‘South Yorkshire’s not for shale’ – Mosborough residents come out in force against fracking

‘Are we going to be fracked?’ was the question that Frack Free South Yorkshire posed to the people of Mosborough, in a public meeting about shale gas extraction.

Sheffield City Council have taken an official stance against fracking and will refuse to allow the process to take place on any council owned land.

The meeting, held at Mosborough Miners Welfare on Tuesday October 18, attracted around 150 people from the village and surrounding areas.

Concerns were raised about fracking in the region, after local residents were approached by shale company INEOS to carry out seismic surveys on their land.

Frack Free South Yorkshire was set up three years ago by secondary school science teacher David Burley, after hearing about the process in a local Rotherham newspaper.

The night began with Mr Burley saying: “I’m against fracking. Let me state I’m biased.”

This was followed by an hour-long presentation on the negatives of the practice, before it was opened up to the floor for a question and answer session. Mr Burley was joined by members of Sheffield Against Fracking for the talk.

David Burley stands between Phil Daly and Julie Graham from Sheffield Against Fracking

Hydraulic fracturing (fracking) is the process of extracting natural shale gas from shale rock. High pressured water is forced down a well and injected into rocks found over a mile underground. The resulting cracks allow the trapped gas to be collected.

A mixture of sand and chemicals are also used in the process, which some have linked to potential groundwater contamination and air quality degradation.


Mr Burley said: “If the people in the UK want it, then so be it, but they need to make an informed choice.

“What we’ve found over the last three years is people are making an informed opinion and they are saying no.”

In a statement on INEOS’ website the company claims concerns about the environmental risks of fracking are based on misinformation, with the scientific view being that it is safe.

They also claim that there is poor understanding of the need for gas in the UK and the benefits of using a domestic supply over imports.

Woodseats resident Owen Lawrence was at the meeting and said: “The government are pushing it through very, very quickly and there doesn’t seem to be enough thought going into it.

“There are loads of ways that we can gain sustainable, clean energy without having to destroy the earth.”

Sheffield City Councillor and Planning and Highways Committee member Coun Joe Otten was at the meeting and said: “It’s quite clear people don’t want it near them.

“Obviously, there’s a case to be made on the other side and if it makes it to the planning committee, then we have to hear that.”

South East Sheffield News put out a poll on Twitter before the meeting, asking if people would welcome fracking in their area. The results can be seen below.

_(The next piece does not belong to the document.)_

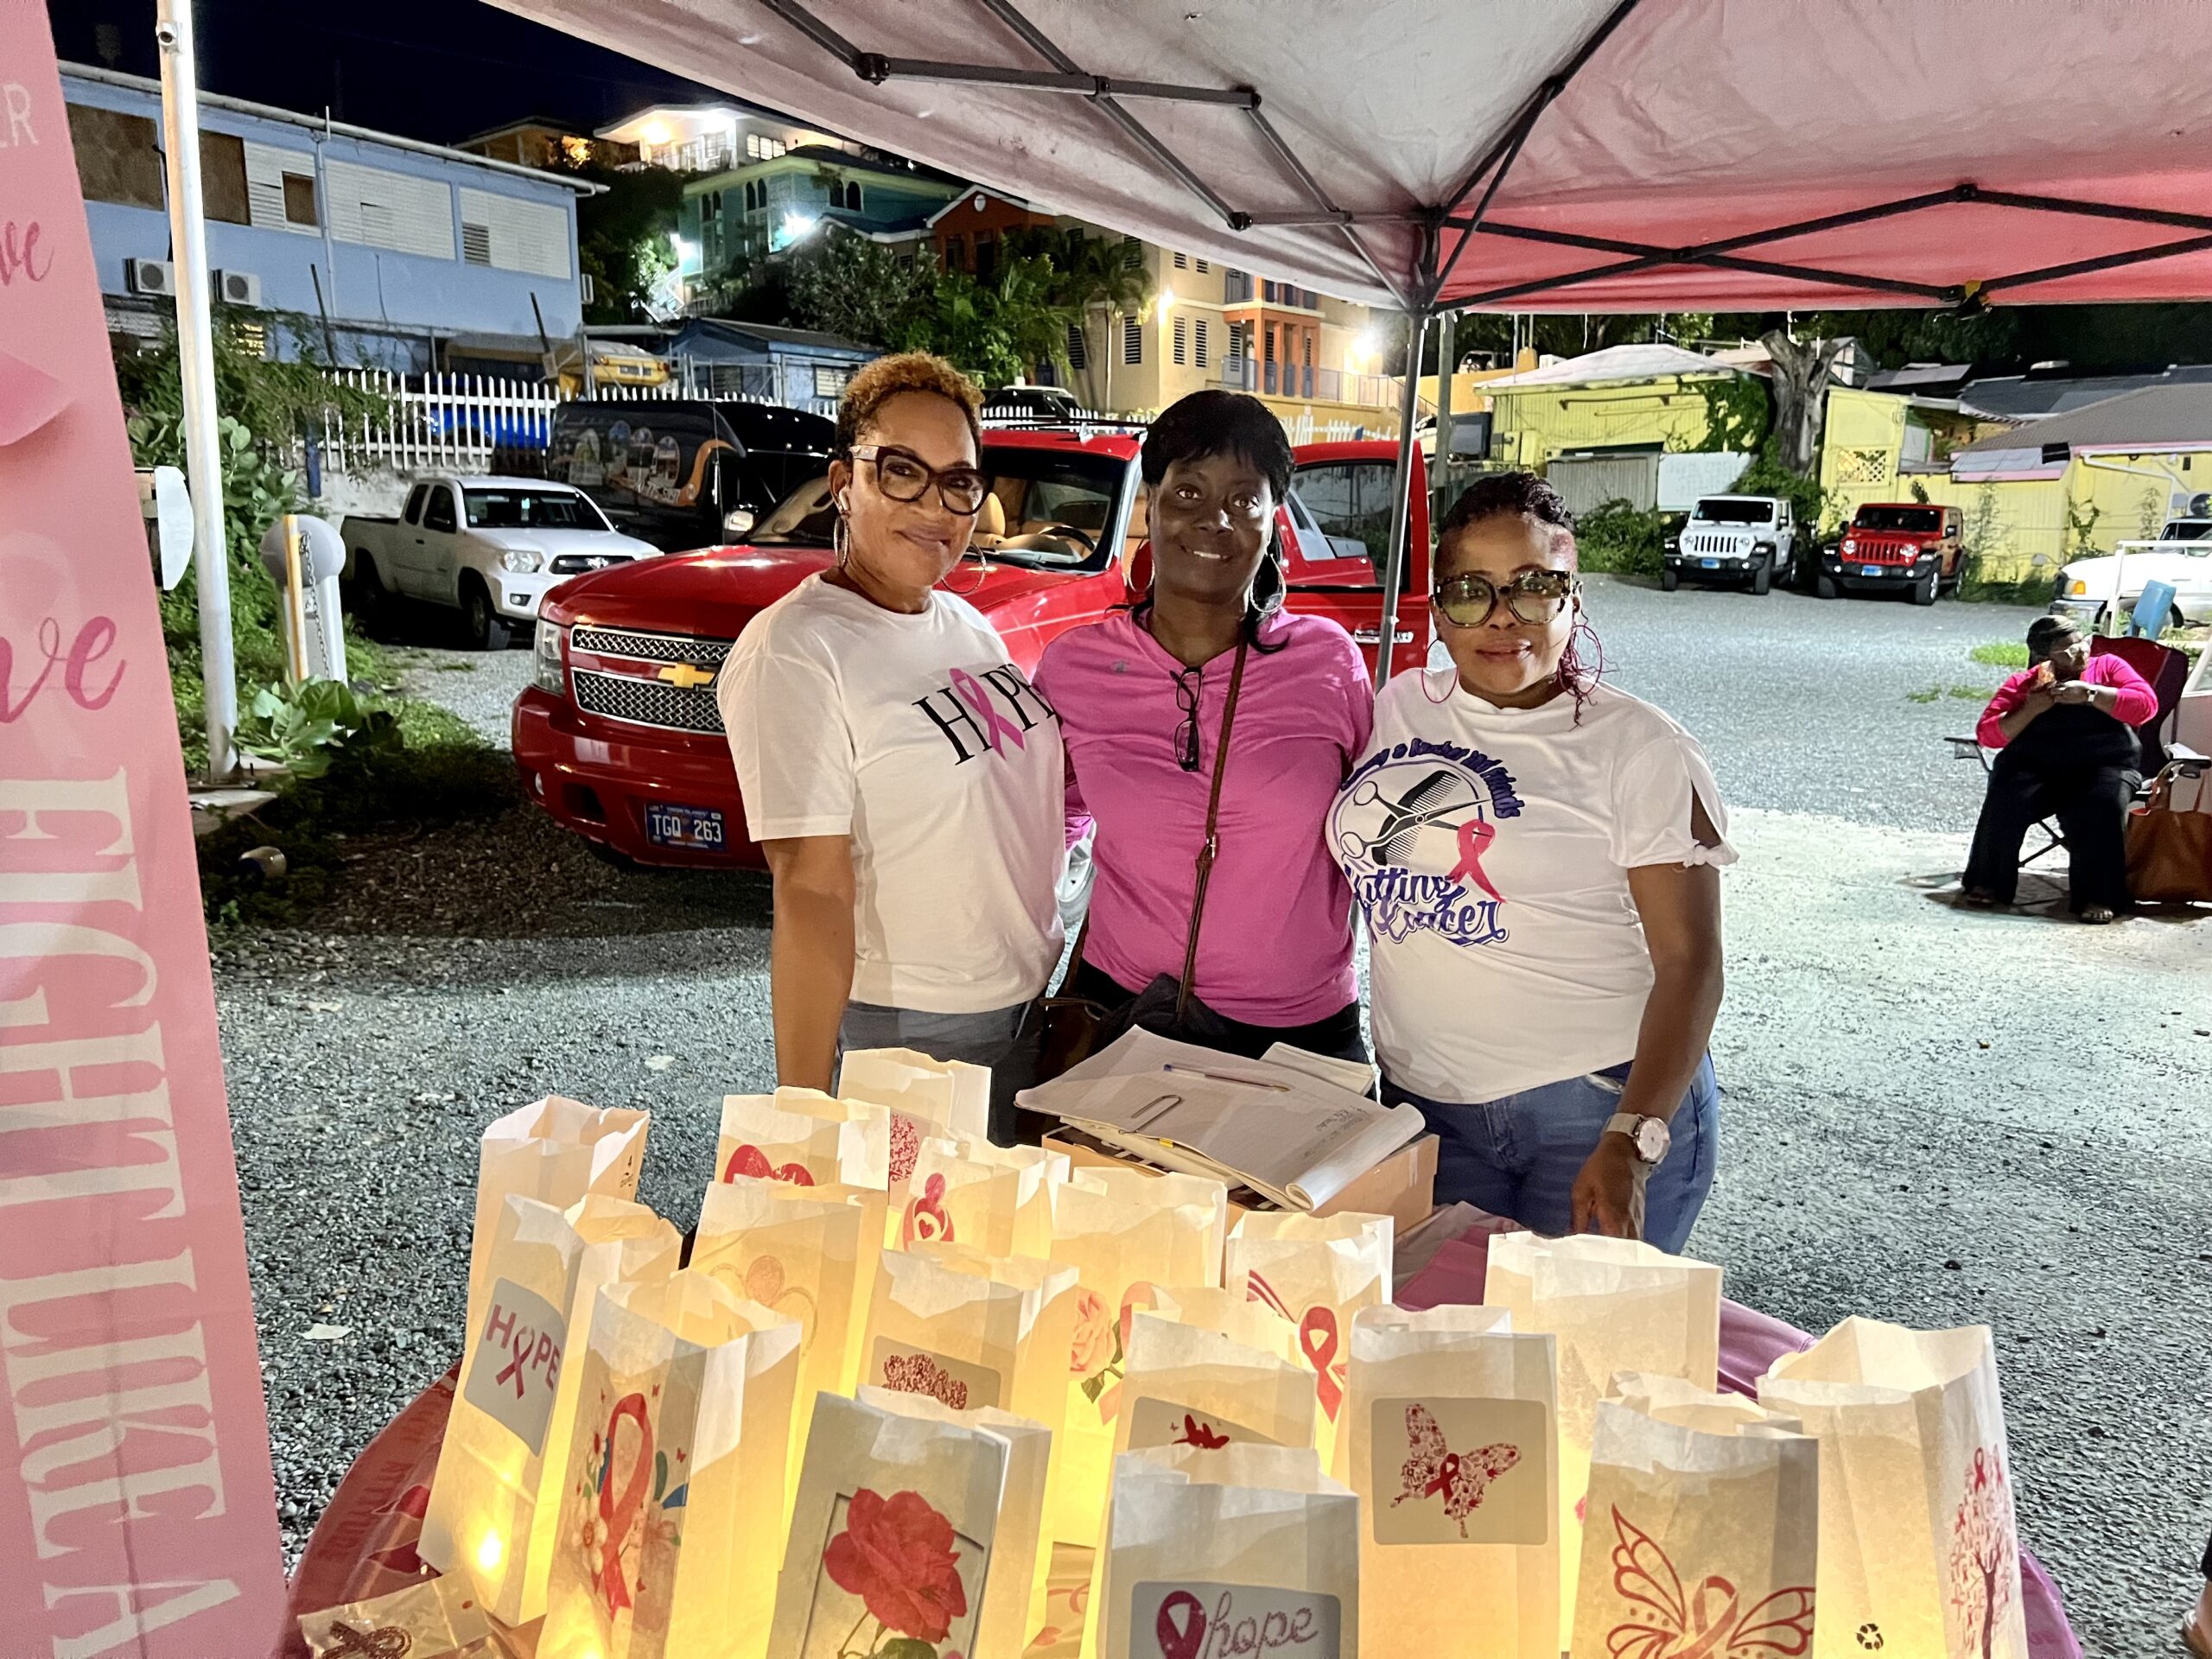 Myrtle Penn, Yvette Stapleton, and Shani Carbon sell luminaries to Light Up the Night against cancer. (Photo by Amy H. Roberts)

Mr Burley’s final statement of “South Yorkshire’s not for shale” was met with rapturous applause and the meeting ended with plans to put together a local action group to combat any future fracking in the area.




About Dan Sutherland 24 Articles
I am a trainee journalist studying at the University of Sheffield, currently in my third year. I will be bringing you all the latest news from across the South East of Sheffield.


  1. The area around Halfway a few years ago suffered with methane gas tracking up through fishers in the ground. This resulted in the gas having to be burned off every day. It is now not a problem but the house sales were effected for some time after if fracking occurs the problem may return as the underground pressure will increase Also we are told that we may be in an area subject to Radon gas. How can guarantees be given knowing that these problems have been raised in the past? I think a large amount of
    Wishful thinking backed up with a multinational purse and pro marketing is what we have here’

  2. I think an essential piece of news is missing from your article. Mazher Iqbal, the Sheffield City Councillor the Cabinet member made an extremely important announcement at the meeting. He said that Sheffield City Council, as landlords, would not allow fracking on any council owned land. This is a glaring omission from your report and I think you should add it belatedly to your article.

  3. Hi Jane, I made every effort to make it an accurate reflection of the meeting. If you think I have missed anything, would you be willing to let me quote some of your comment in the piece?

  4. Hi Dan,
    Why have you omitted some of my original reply (half my reply is missing). It is my view of the meeting and surely it should be published in full. You of course have the right to reply to my comments, but no right to censor them.You have completely changed the sentiment of my reply and made it disjointed, something I would not wish to put my name to. In fact I find the censorship insulting. I reiterate that I want it publishing in full or not at all. However I would regard not publishing as an infringement of my right to reply. Do not moderate this.